**TO DO:** The reply must repeat the listing below exactly and carry none of its pictures.
EXERCISE DATA START
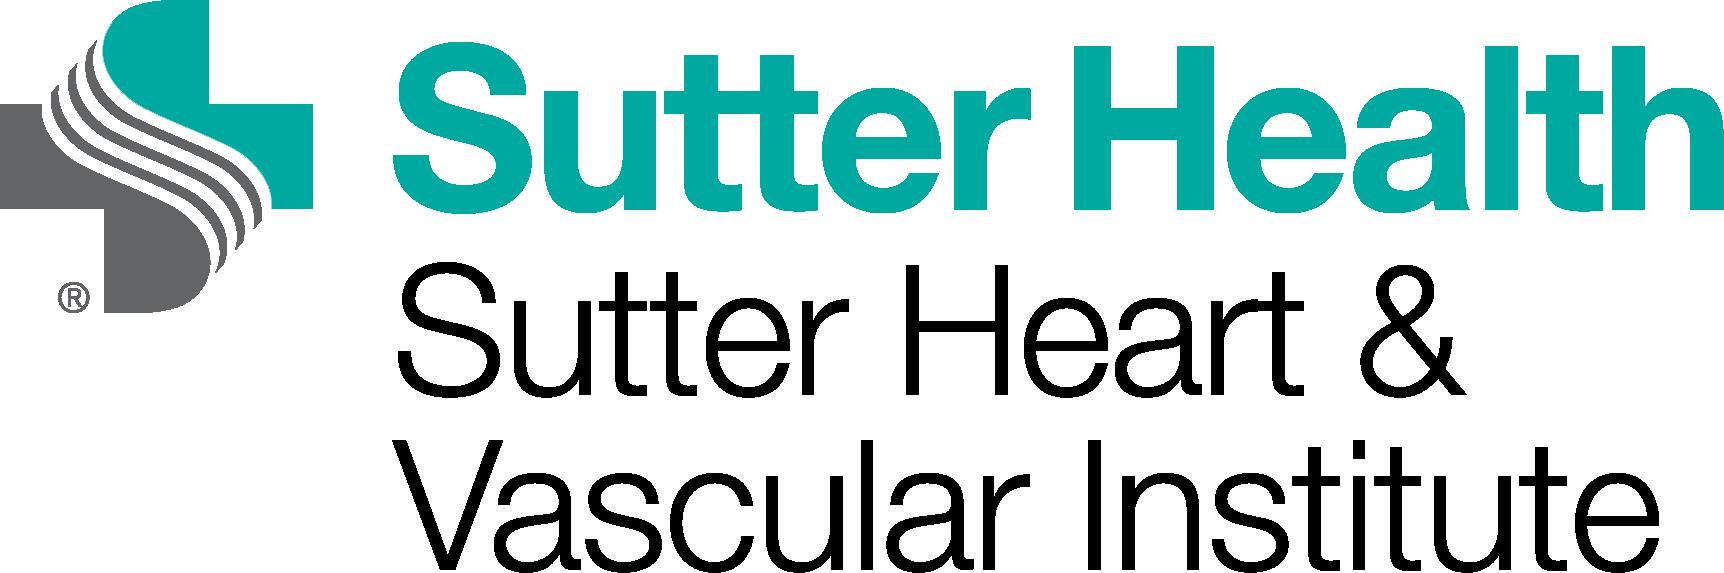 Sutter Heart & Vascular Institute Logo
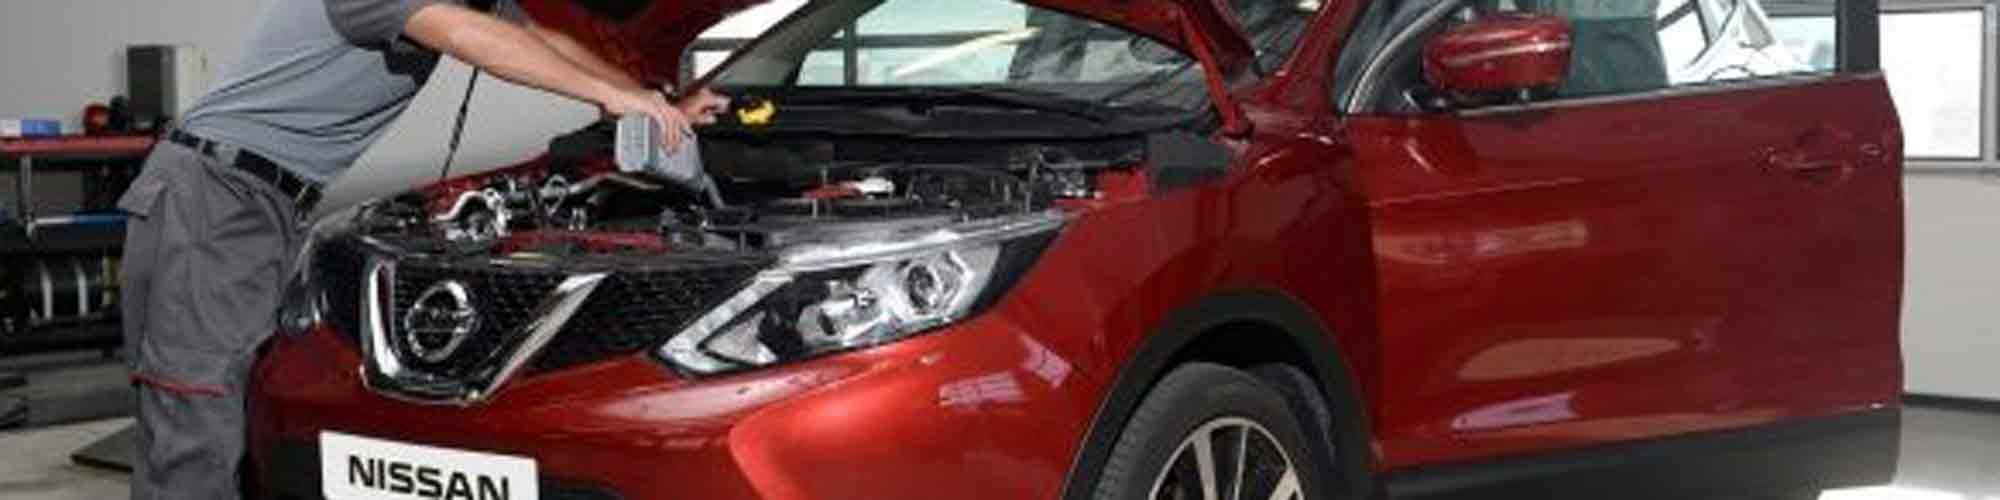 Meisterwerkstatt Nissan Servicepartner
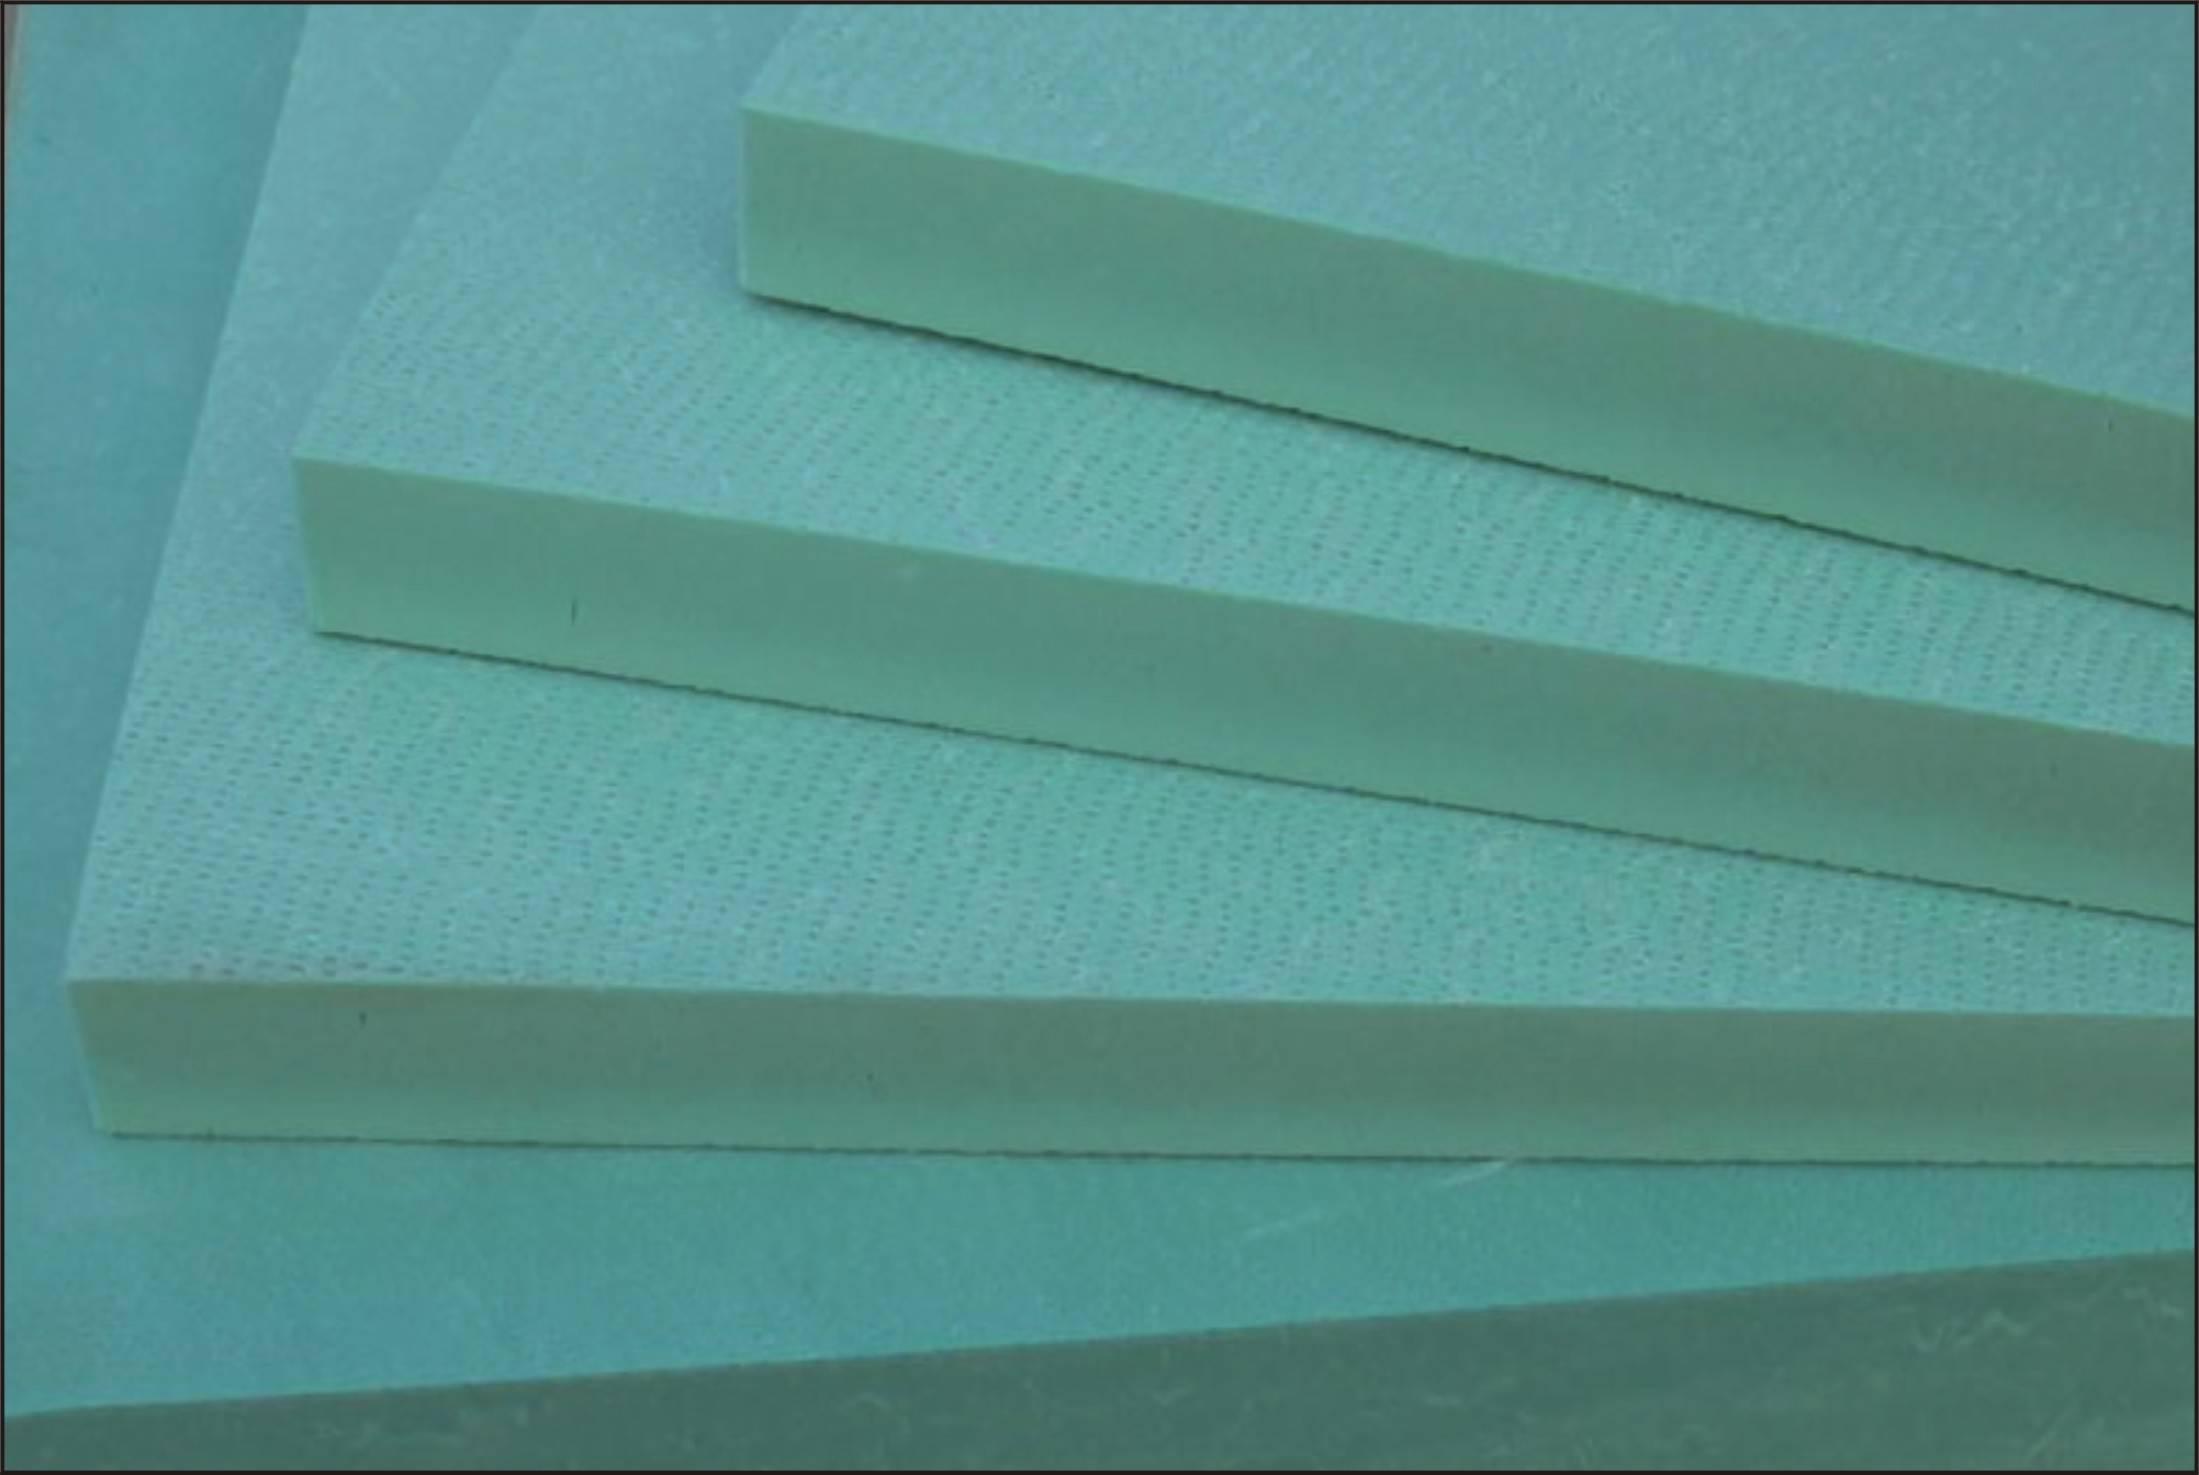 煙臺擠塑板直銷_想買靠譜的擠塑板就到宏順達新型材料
EXERCISE DATA END
**SOLUTION TO THE PROBLEM:**
 Sutter Heart & Vascular Institute Logo
 Meisterwerkstatt Nissan Servicepartner
 煙臺擠塑板直銷_想買靠譜的擠塑板就到宏順達新型材料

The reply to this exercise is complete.